I'm sorry but this is not a bug, the PDF is simply not created correctly and is created with an A and then a ` on top of it as two seperate caracters and not with a À character.

That's why search fails and why copy&paste gives you two characters, because there's two characters.

I have not been able to find any PDF viewer that can search à in this document (Adobe Reader cheats and since it can't find any à it says, i'm going to match all the a in the document and also matches Ä for example)

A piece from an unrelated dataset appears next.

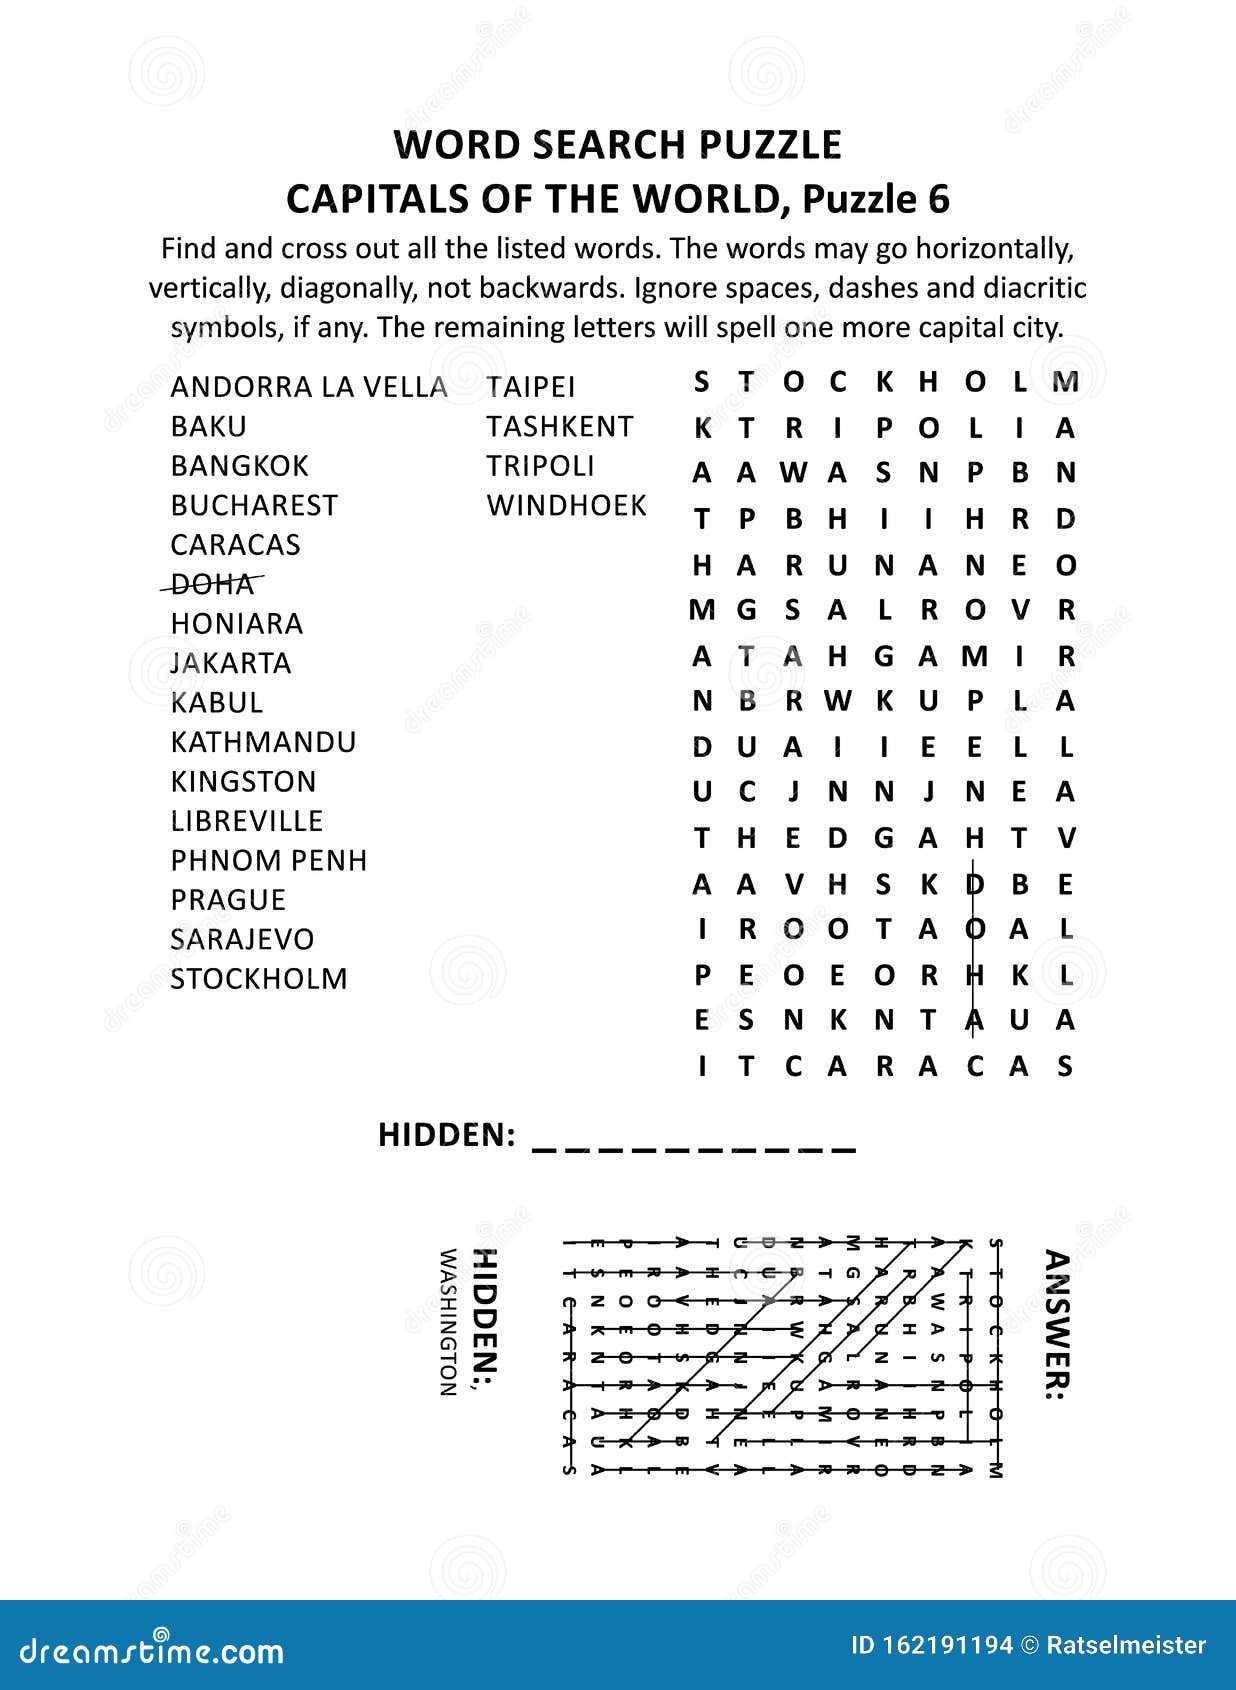 capitals of the world word search puzzle, puzzle 6 of 10

Comment 8 Jerome 2020-04-05 19:45:24 UTC

The PDF is generated by pdflatex.

I still think that is a bug, because one way I can start such a search is by copying accented characters from the document and pasting them into the search box. I don't know if that is one or two characters but whatever that string is in the PDF, I'd like to search for it.

> I have not been able to find any PDF viewer that can search à in this document

I have. It was the first one I tried: evince.

Comment 9 Jerome 2020-04-05 19:45:58 UTC

Created attachment 127309 [details]
Search for "à" in the document using evince

Comment 10 Albert Astals Cid 2020-04-06 21:06:32 UTC

(In reply to Jerome from comment #8)
> The PDF is generated by pdflatex.

I know latex has too many configuration options and one stupidly does it wrong, search because there's one that does it right and writes a single character. 

> 
> I still think that is a bug, because one way I can start such a search is by
> copying accented characters from the document and pasting them into the
> search box. I don't know if that is one or two characters but whatever that
> string is in the PDF, I'd like to search for it.
> 
> > I have not been able to find any PDF viewer that can search à in this document
> 
> I have. It was the first one I tried: evince.

Comment 11 Jerome 2020-04-07 07:57:53 UTC

Indeed that PDF document was encoded as OT1, which is not recommended, and the search works with the document encoded with T1.

What I find strange is that when copied and pasted into the search box, the pair of characters (letter + diacritic) is correctly interpreted, and I assume, converted to its unicode equivalent.